» **WORK ORDER**
Copy the listing below exactly. Pictures stay out of it.

» **DATA SEGMENT**
-=-=-=-=-

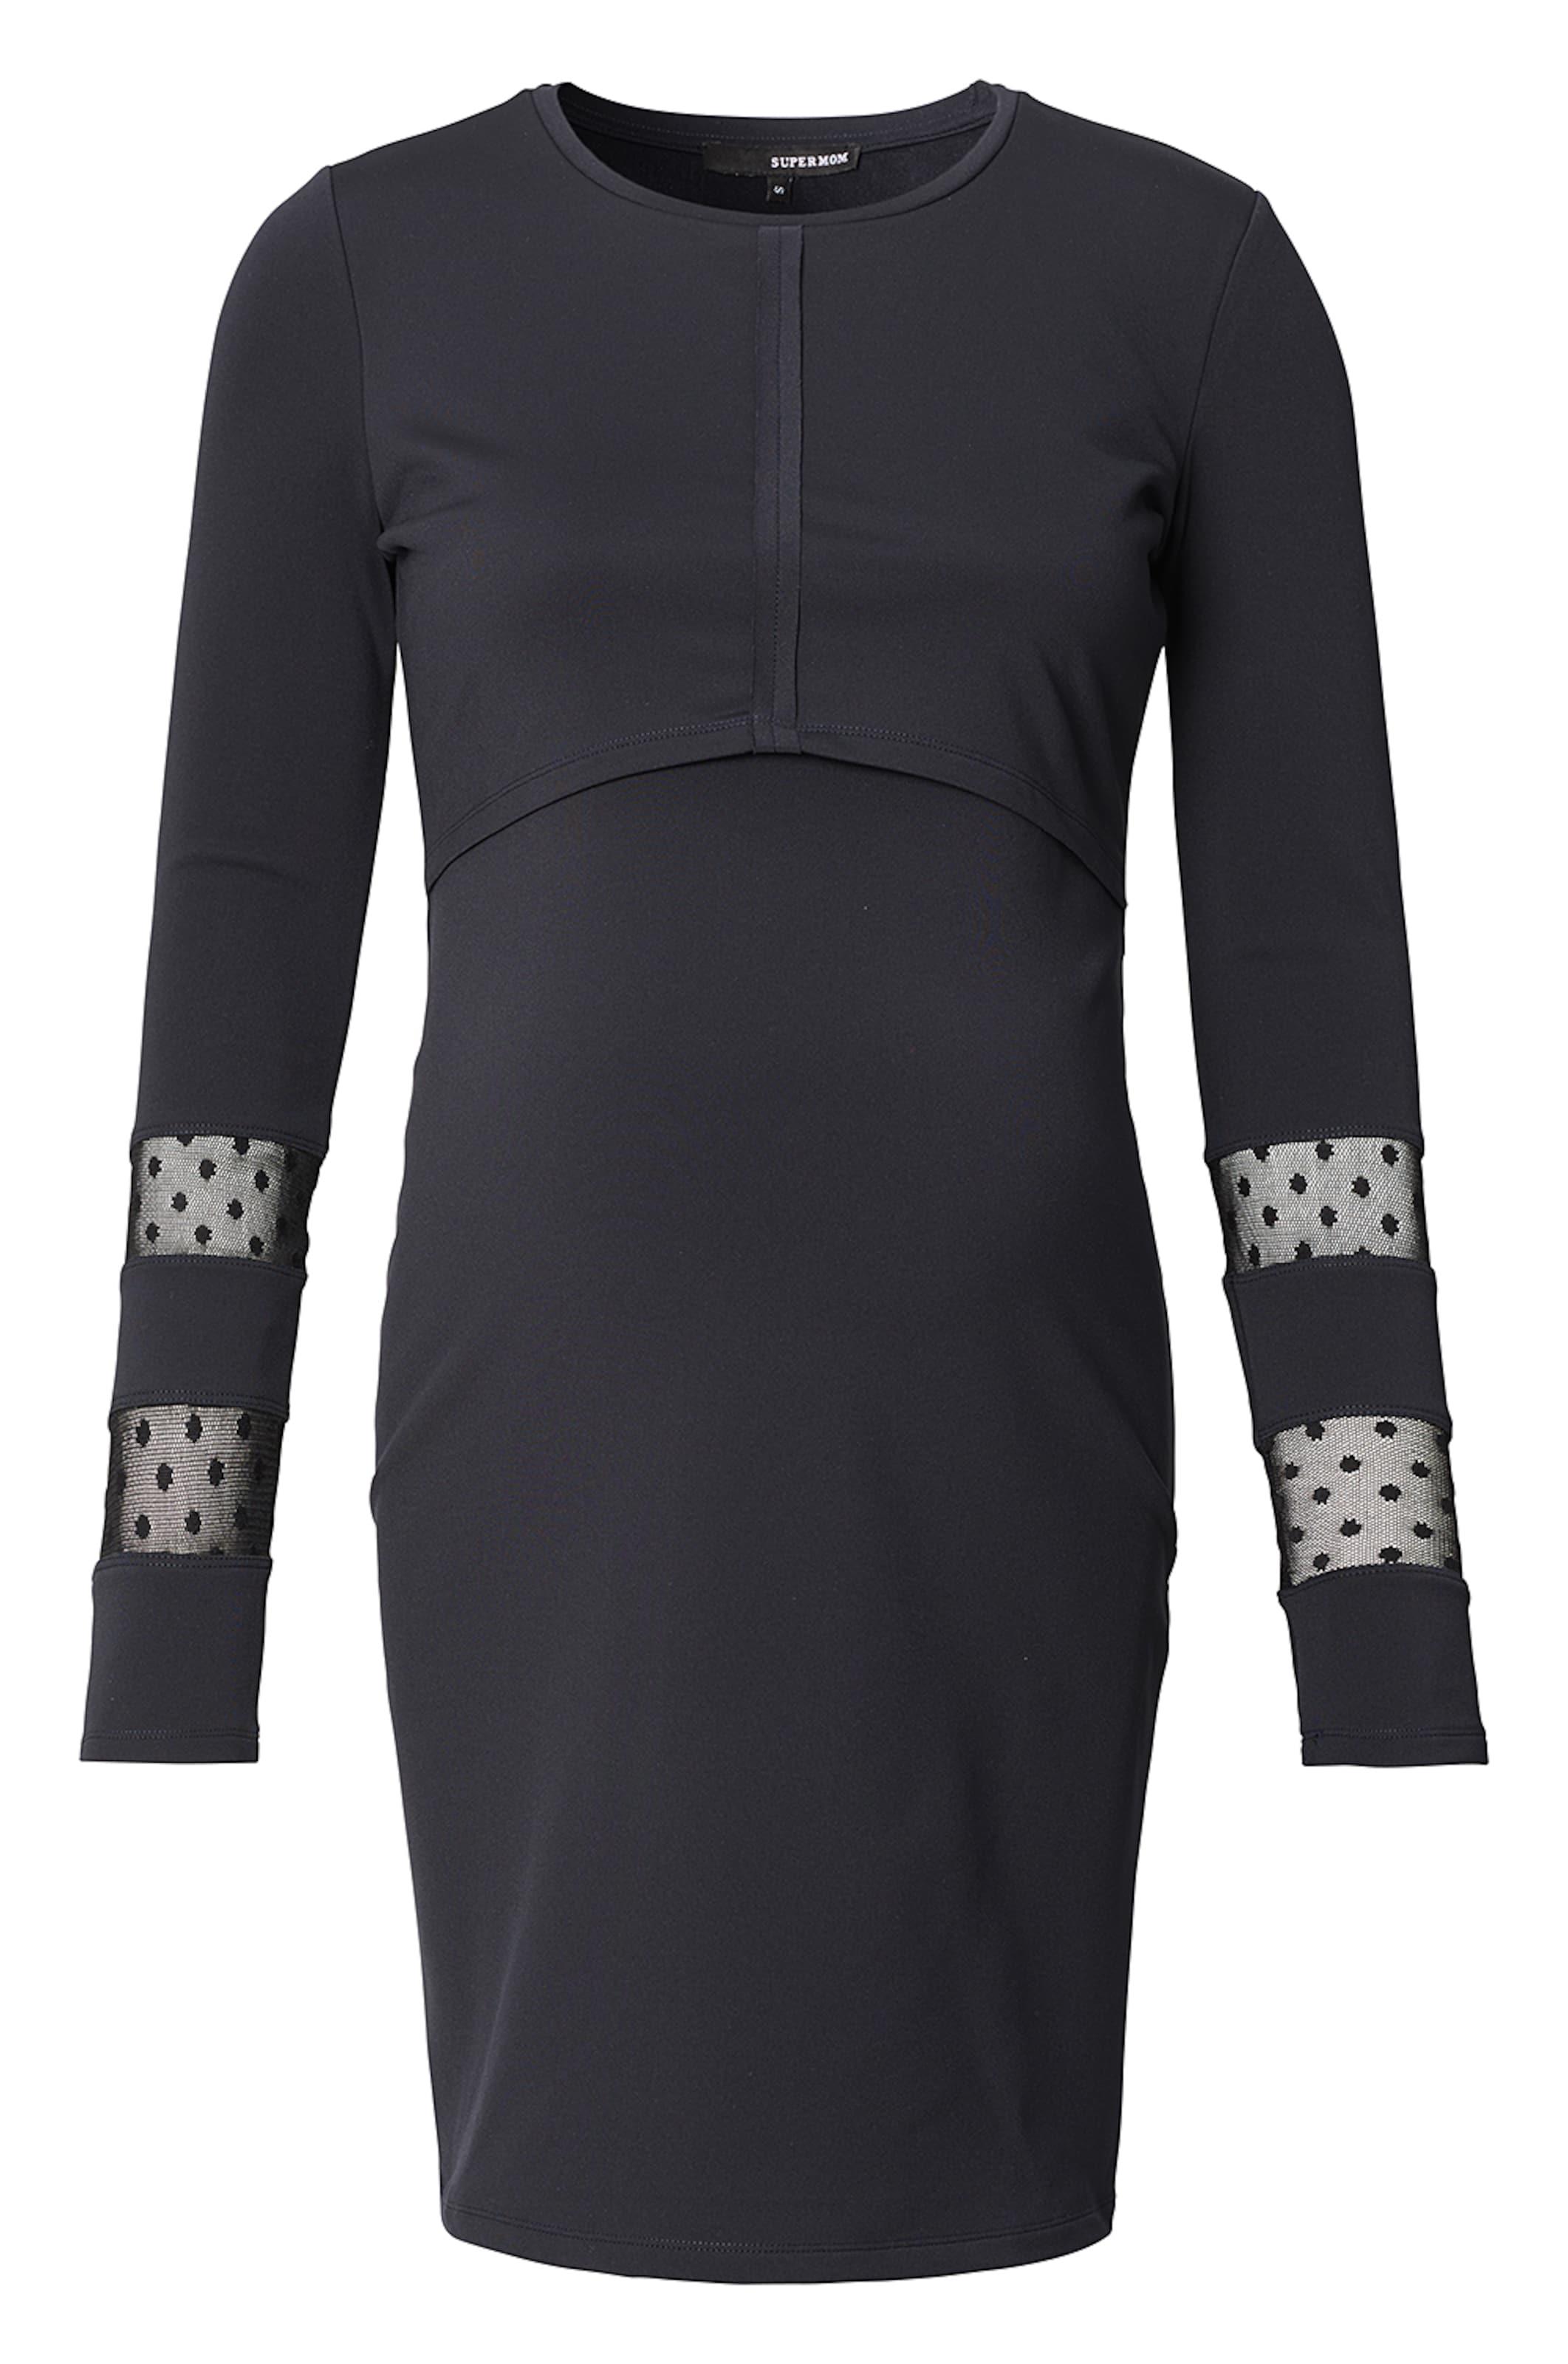 Noppies Kleid Countdown-Paket Billig Verkauf Amazon F5HsMEVl
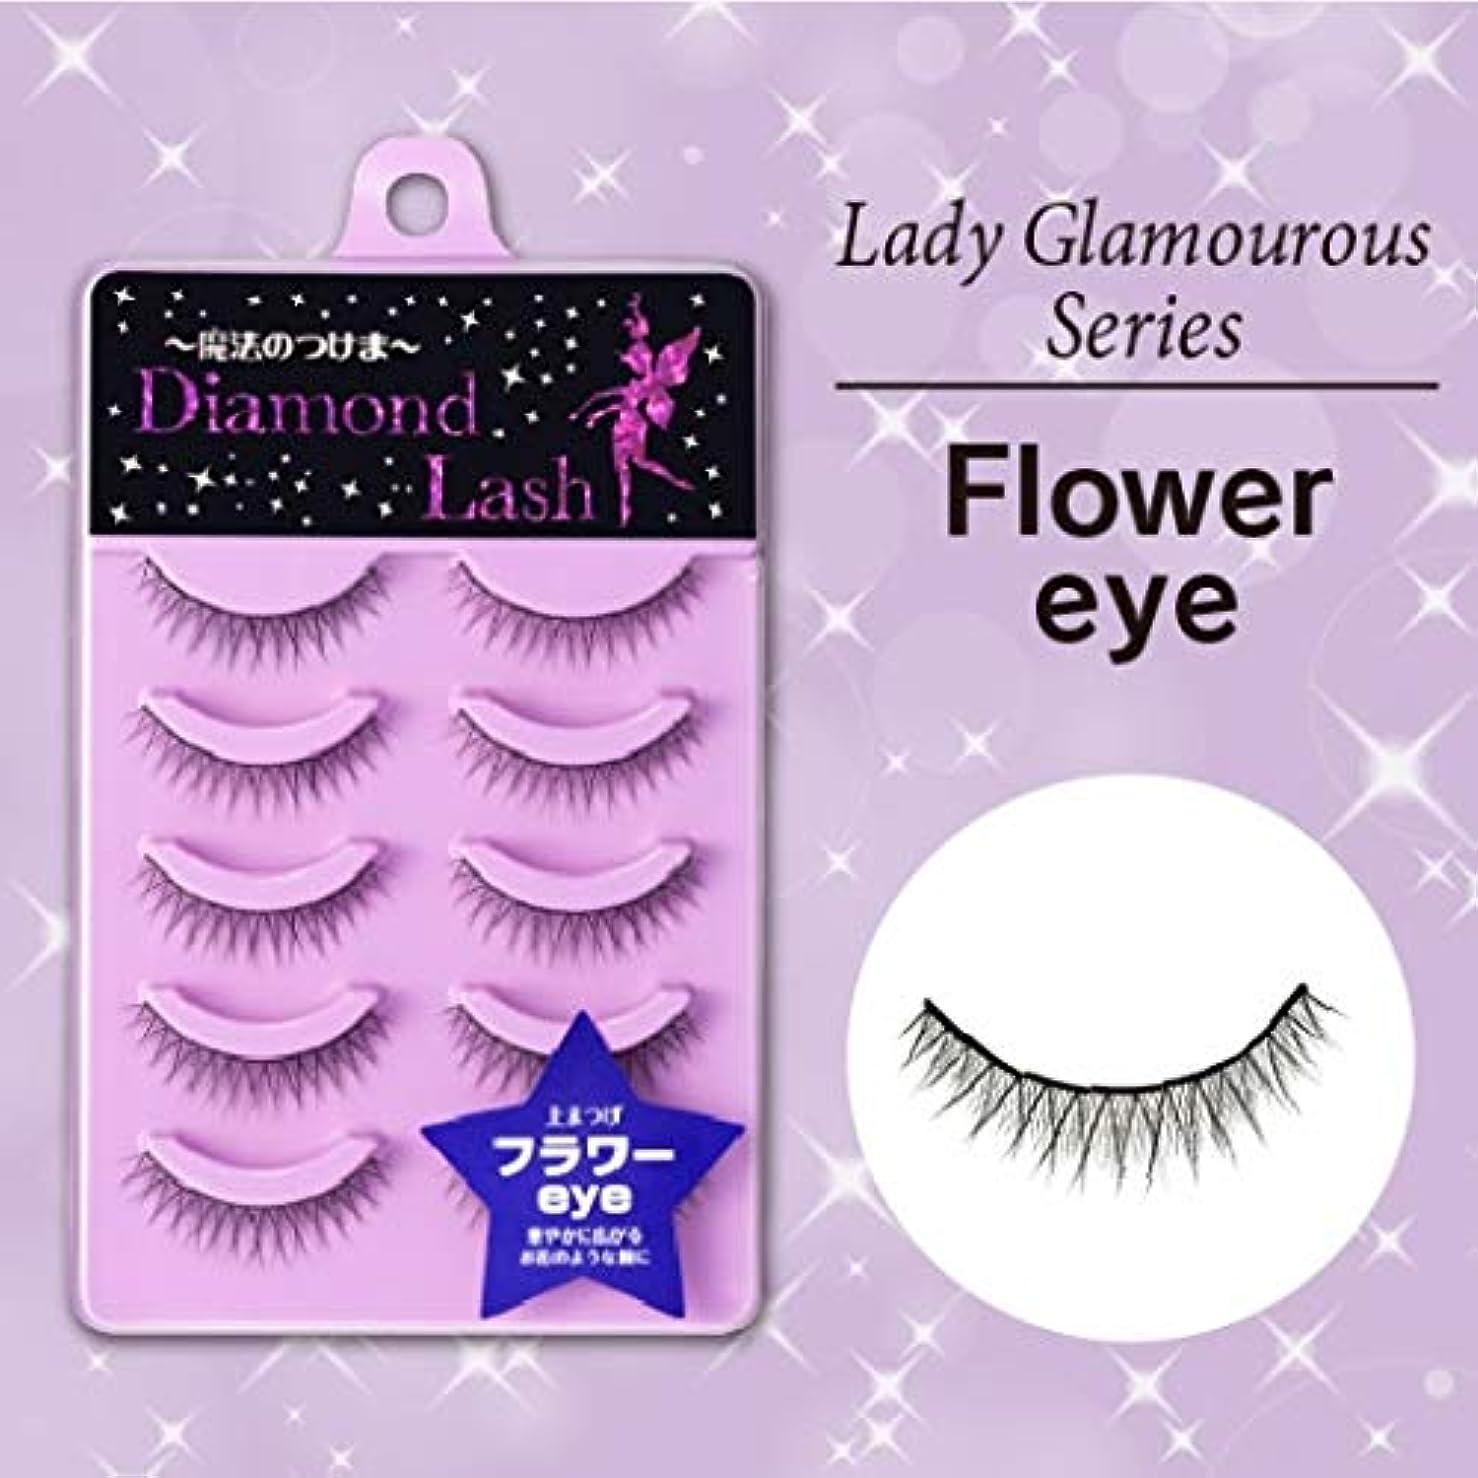 パイル懐疑論授業料Diamond Lash(ダイヤモンドラッシュ) レディグラマスシリーズ フラワーeye
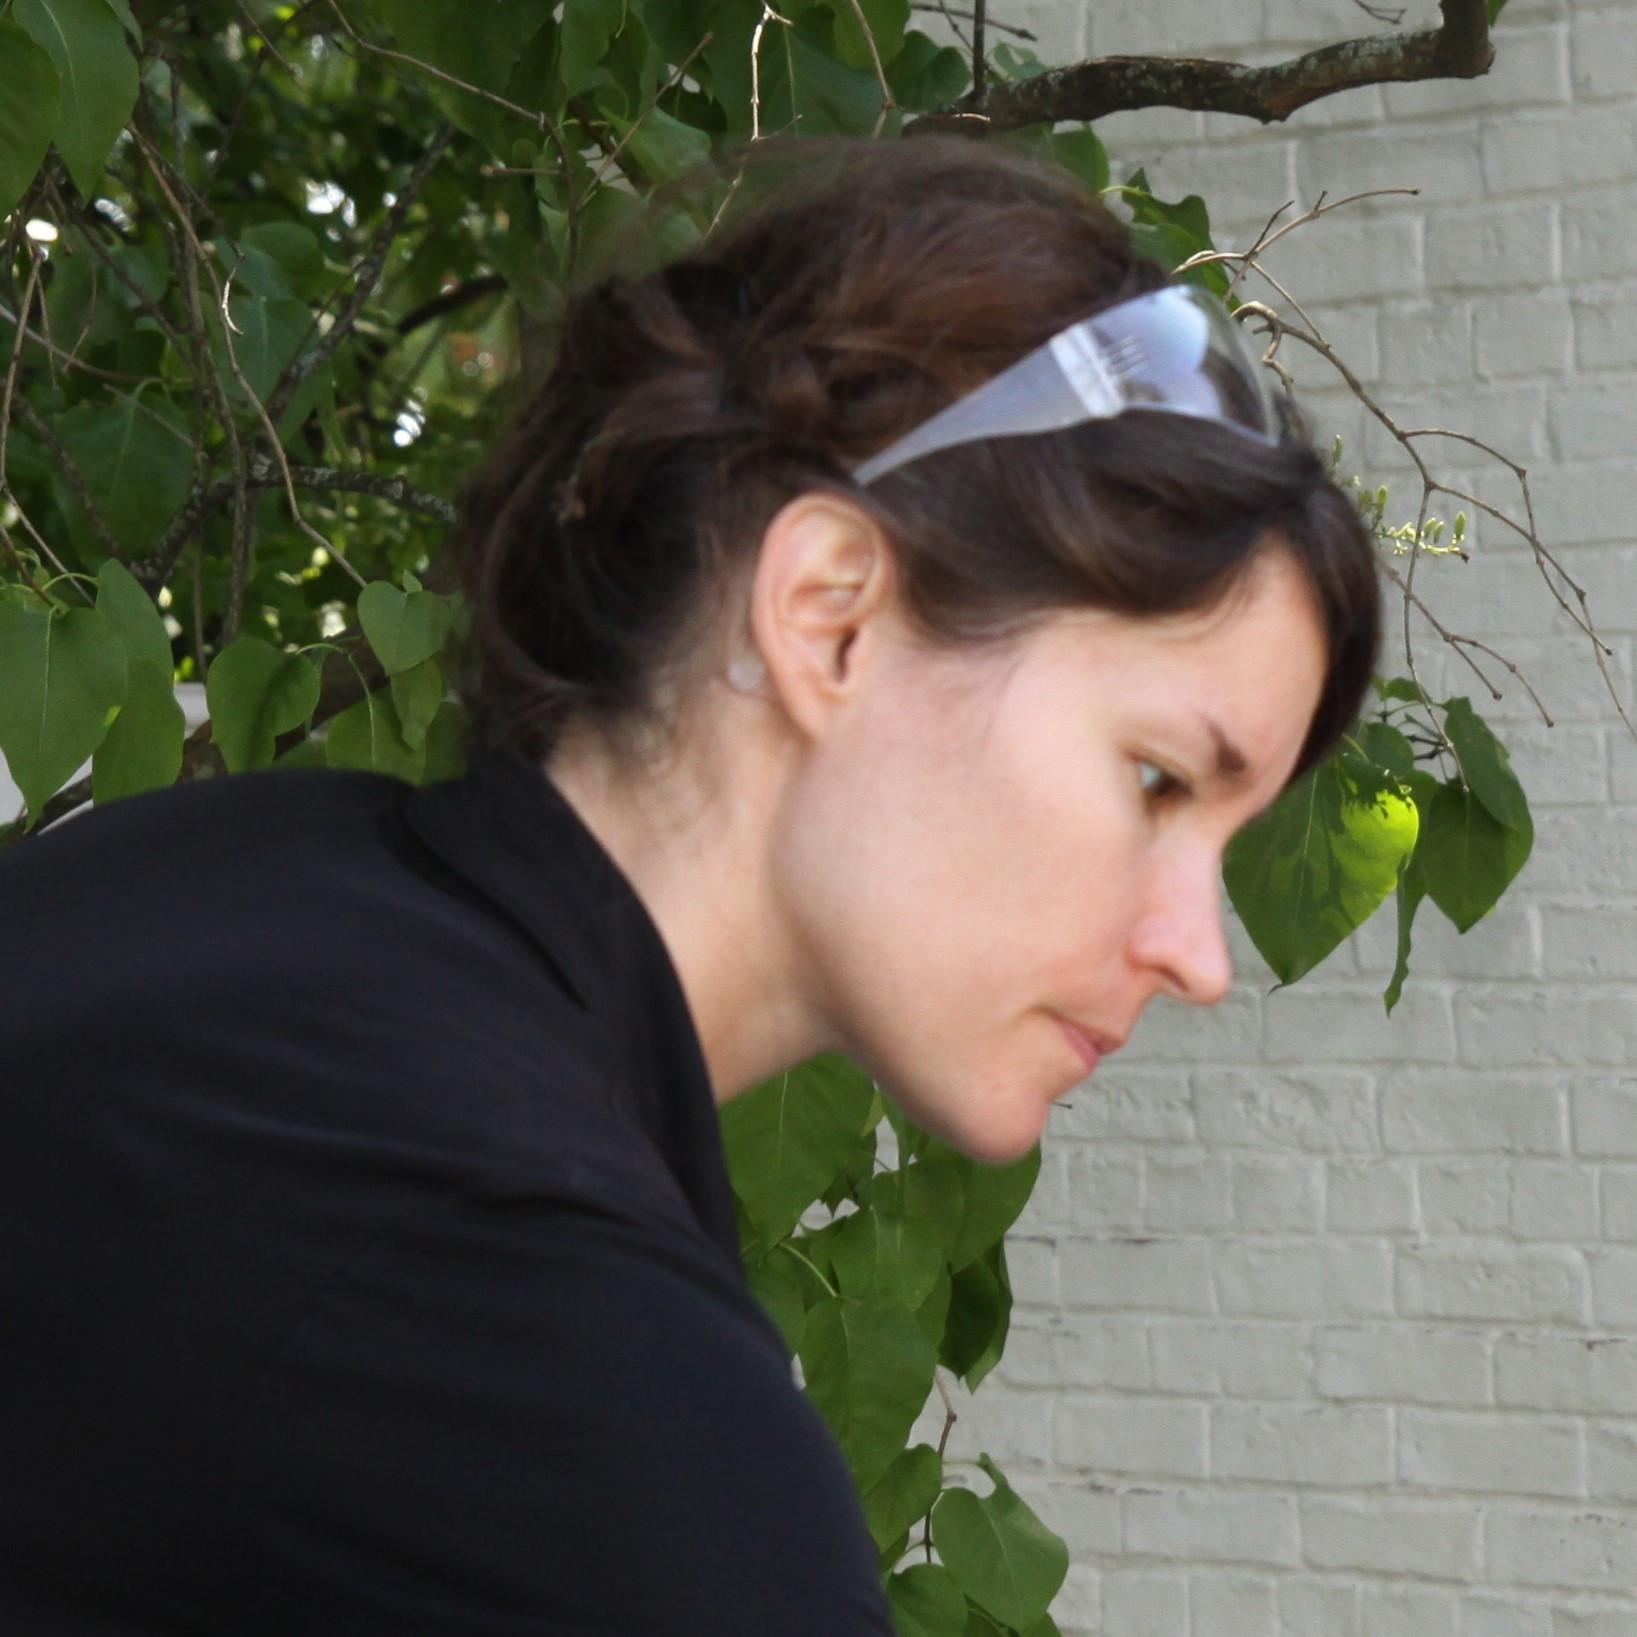 Amanda J. Sisk

-=-=-=-=-

» **OUTPUT OF THE TASK**
 Noppies Kleid Countdown-Paket Billig Verkauf Amazon F5HsMEVl
 パイル懐疑論授業料Diamond Lash(ダイヤモンドラッシュ) レディグラマスシリーズ フラワーeye
 Amanda J. Sisk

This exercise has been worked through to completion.